WHAT THE EXERCISE ASKS -
The line with "Tuscany Frühling, sanften" marks the first line to copy, and the line with "The machine stops, 1909, E.M. Foster" marks the last. Transcribe that stretch of the data below exactly, without pictures.

RECORDS PROVIDED Start Marker

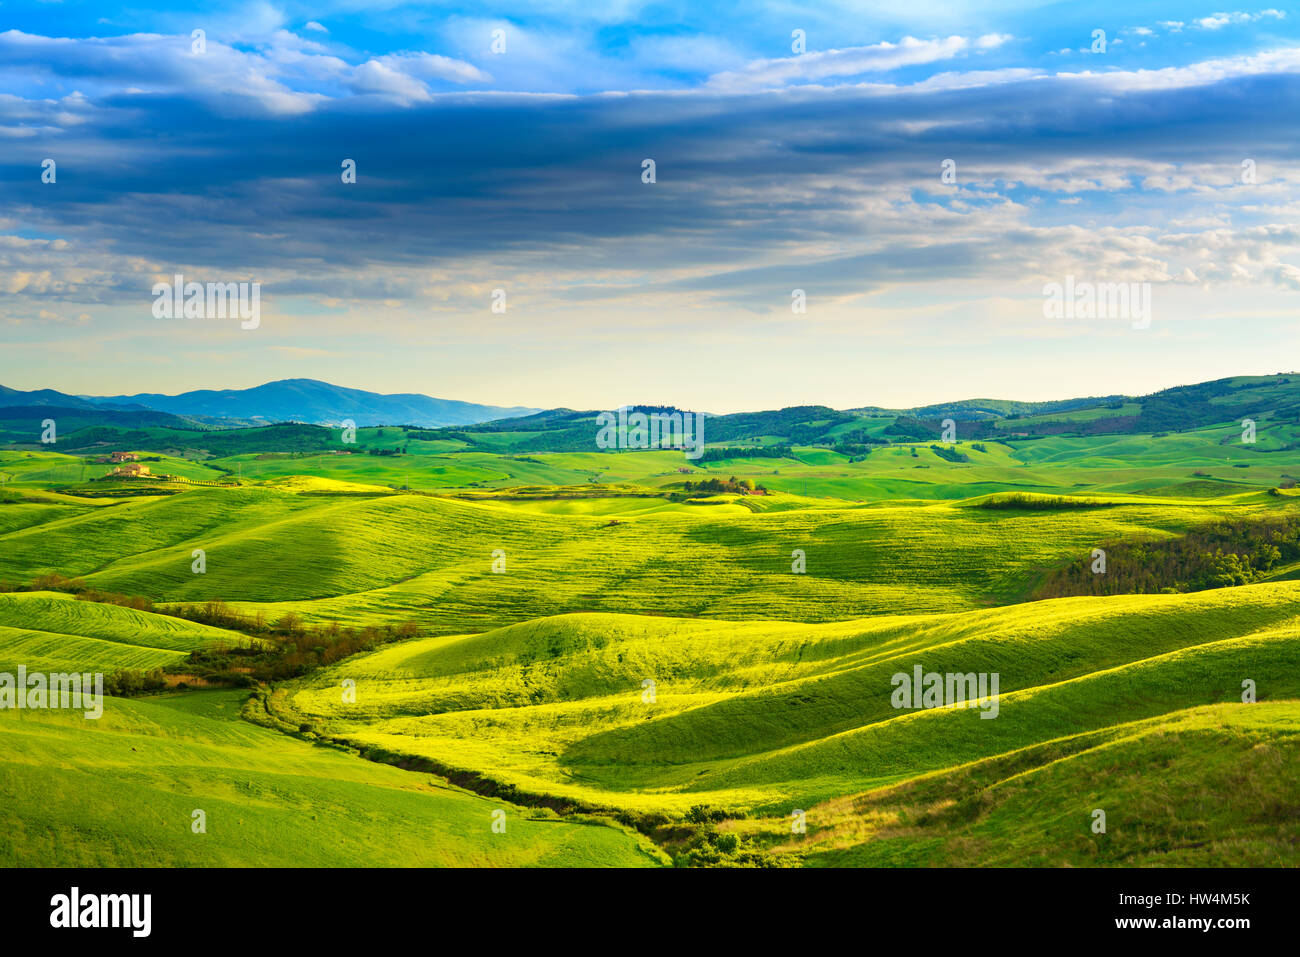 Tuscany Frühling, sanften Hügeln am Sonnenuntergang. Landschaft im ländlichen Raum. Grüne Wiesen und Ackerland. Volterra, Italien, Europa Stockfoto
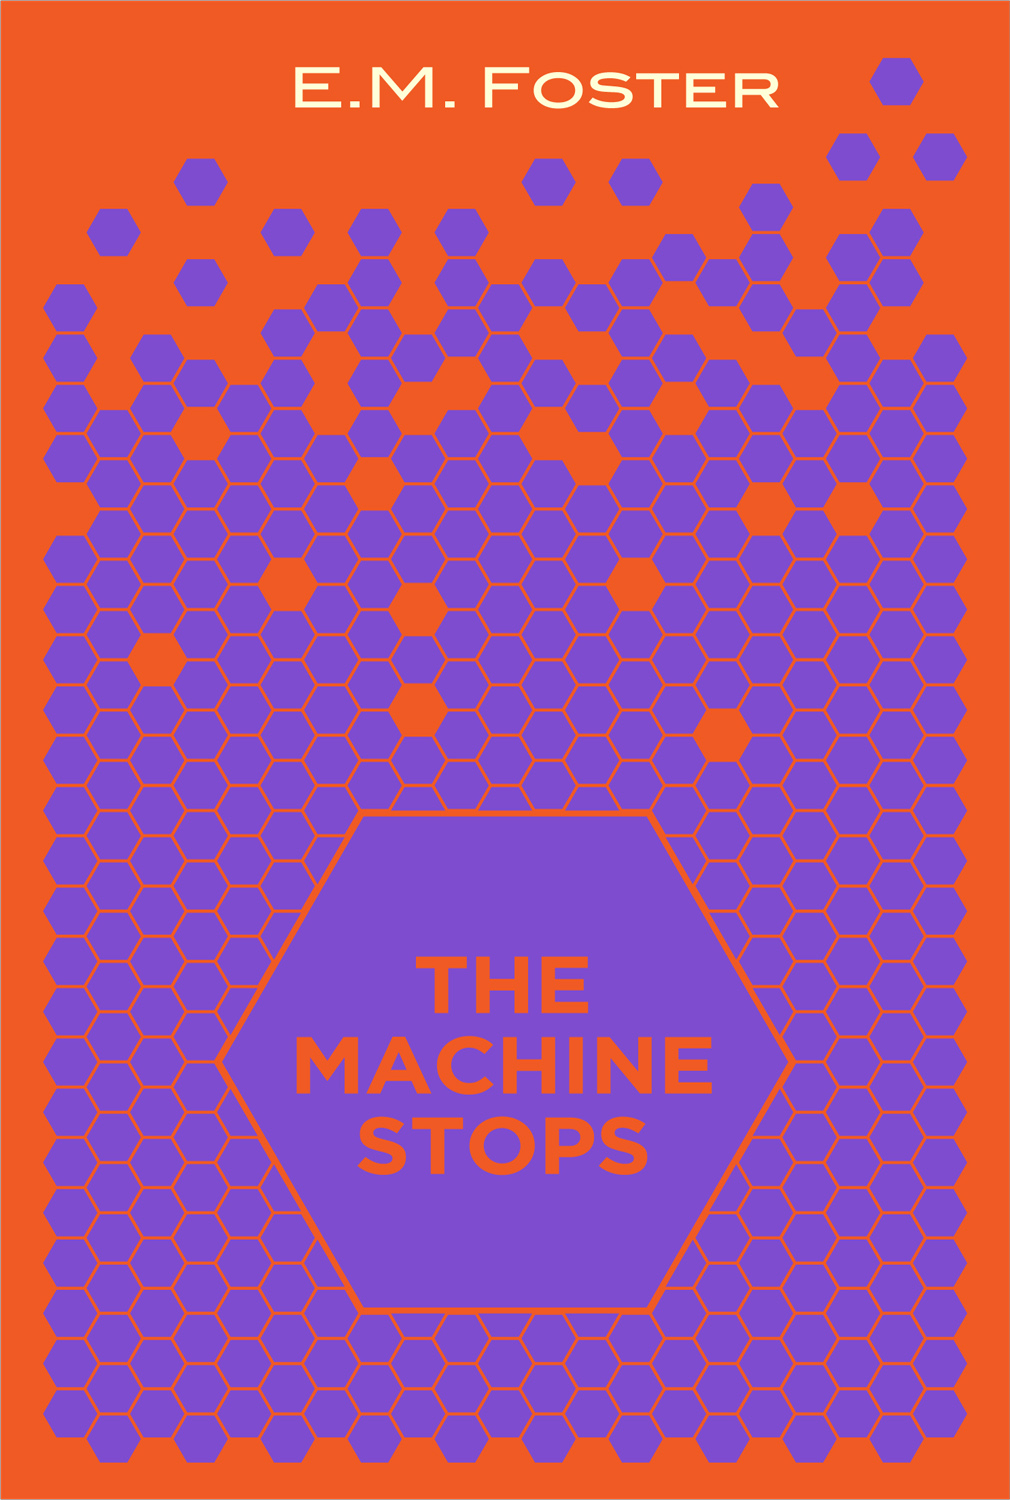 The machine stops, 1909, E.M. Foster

RECORDS PROVIDED End Marker
RECORDS PROVIDED Start Marker

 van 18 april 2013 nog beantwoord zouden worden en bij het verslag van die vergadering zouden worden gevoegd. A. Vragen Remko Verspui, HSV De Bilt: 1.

RECORDS PROVIDED End Marker
RECORDS PROVIDED Start Marker

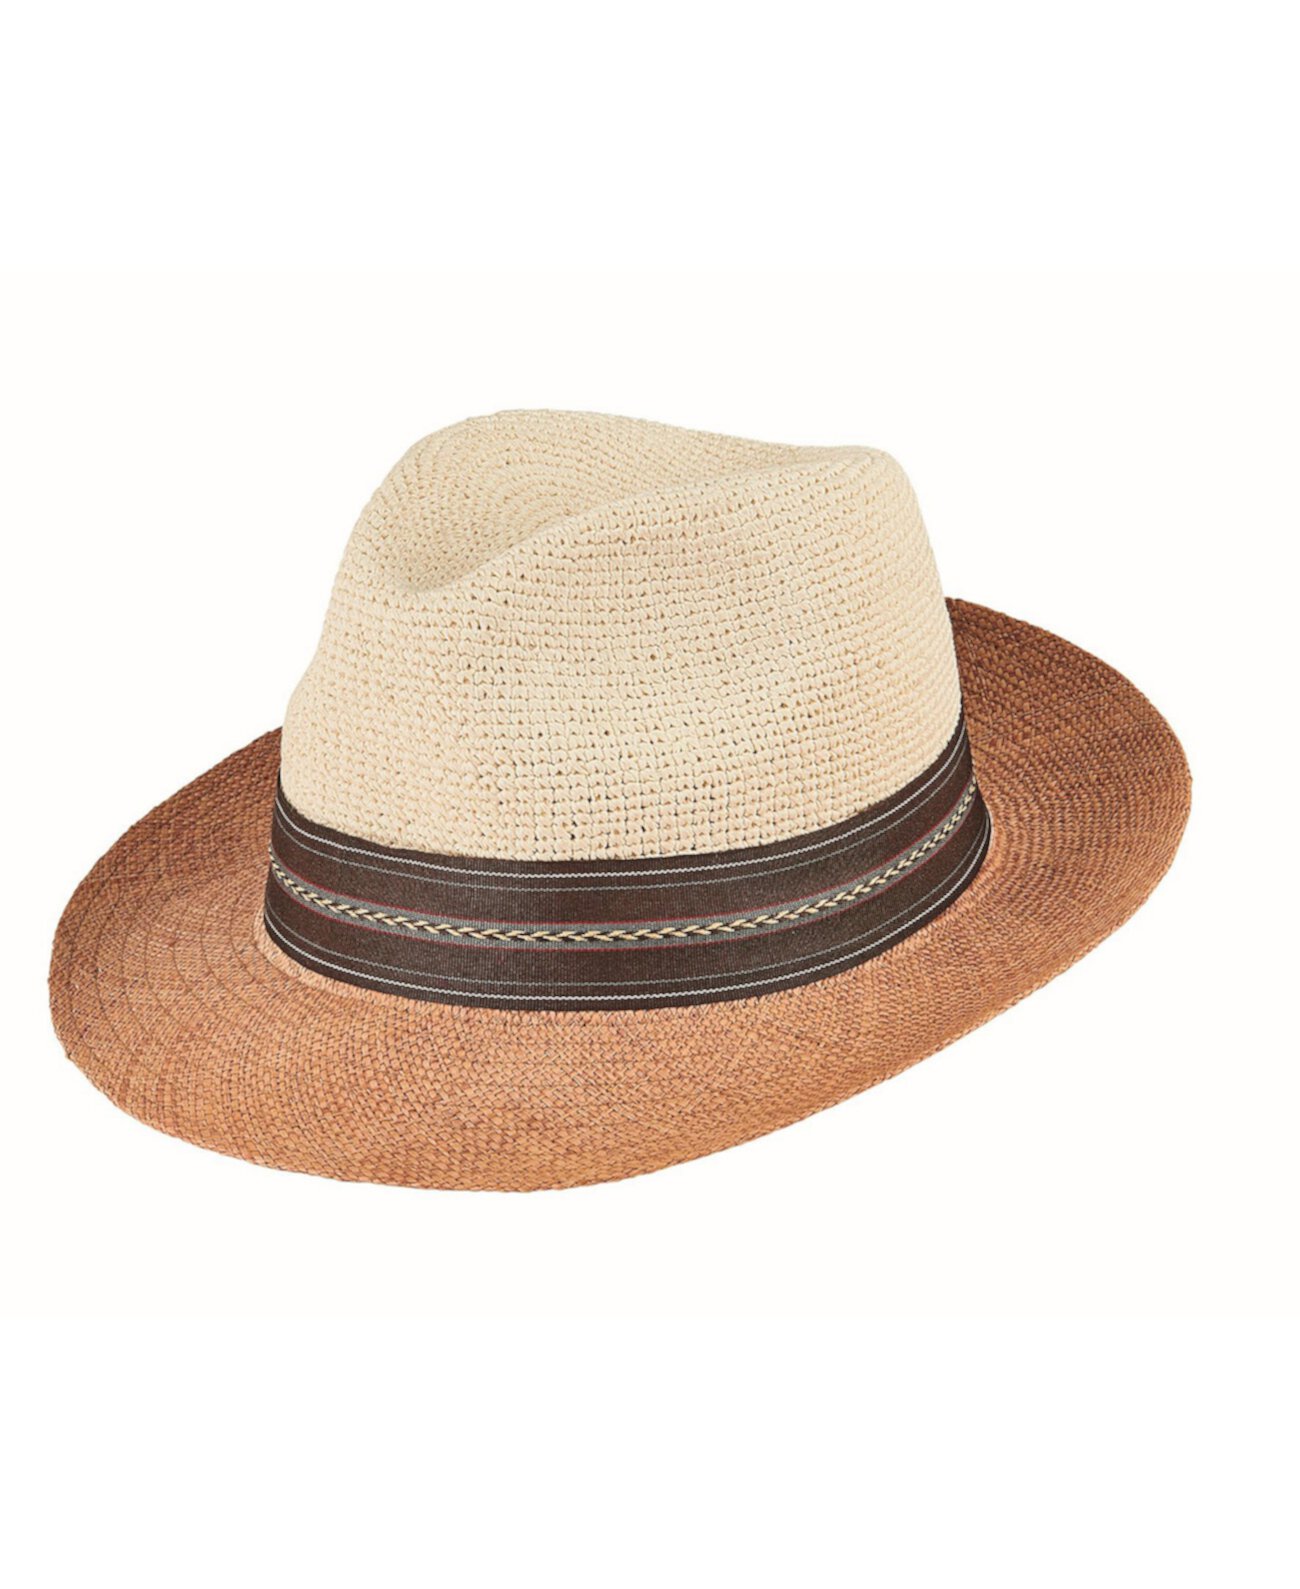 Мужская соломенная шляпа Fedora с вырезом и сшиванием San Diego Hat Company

RECORDS PROVIDED End Marker

FINISHED EXERCISE -
 Tuscany Frühling, sanften Hügeln am Sonnenuntergang. Landschaft im ländlichen Raum. Grüne Wiesen und Ackerland. Volterra, Italien, Europa Stockfoto
 The machine stops, 1909, E.M. Foster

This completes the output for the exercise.